# WHAT YOU SHOULD DO
Reproduce the section of the listing that begins at the line containing "Overhead view of" and finishes at the line containing "The Church - Reportage". Include both end lines and nothing beyond them.

┌─ GIVEN RECORDS

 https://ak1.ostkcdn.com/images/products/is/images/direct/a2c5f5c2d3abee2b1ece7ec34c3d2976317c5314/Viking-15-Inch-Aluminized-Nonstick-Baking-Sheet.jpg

└─
┌─ GIVEN RECORDS

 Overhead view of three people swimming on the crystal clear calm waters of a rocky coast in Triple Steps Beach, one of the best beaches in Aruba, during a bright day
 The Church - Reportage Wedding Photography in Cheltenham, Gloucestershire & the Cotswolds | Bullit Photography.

└─
┌─ GIVEN RECORDS

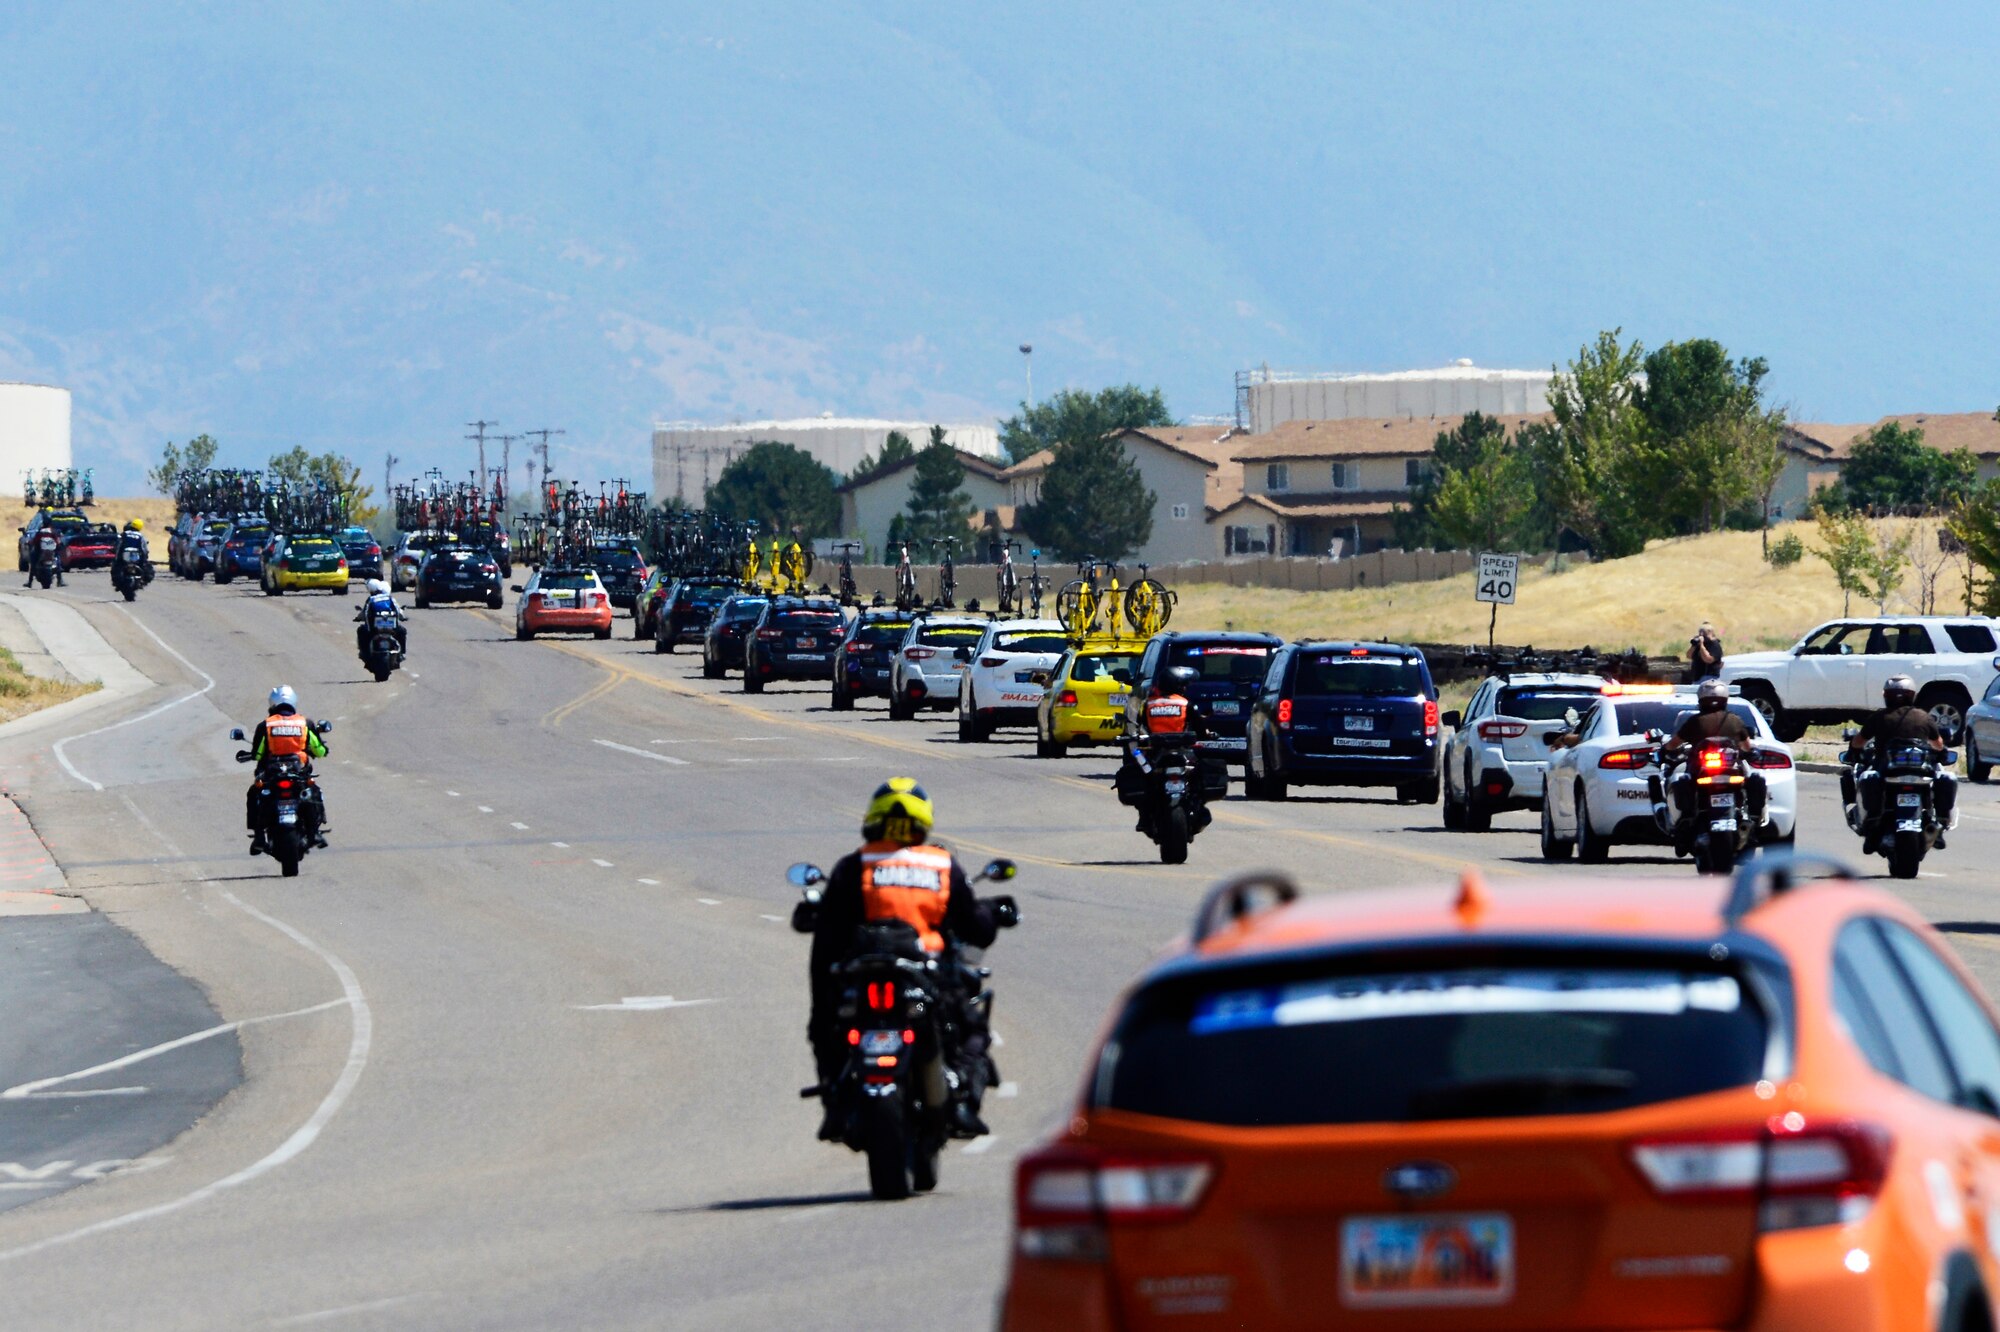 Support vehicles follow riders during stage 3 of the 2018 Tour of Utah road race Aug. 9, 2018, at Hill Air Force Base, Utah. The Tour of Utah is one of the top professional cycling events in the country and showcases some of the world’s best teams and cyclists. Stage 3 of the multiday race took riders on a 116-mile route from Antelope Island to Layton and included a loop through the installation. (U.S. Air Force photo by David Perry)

└─

# EXPECTED OUTPUT
 Overhead view of three people swimming on the crystal clear calm waters of a rocky coast in Triple Steps Beach, one of the best beaches in Aruba, during a bright day
 The Church - Reportage Wedding Photography in Cheltenham, Gloucestershire & the Cotswolds | Bullit Photography.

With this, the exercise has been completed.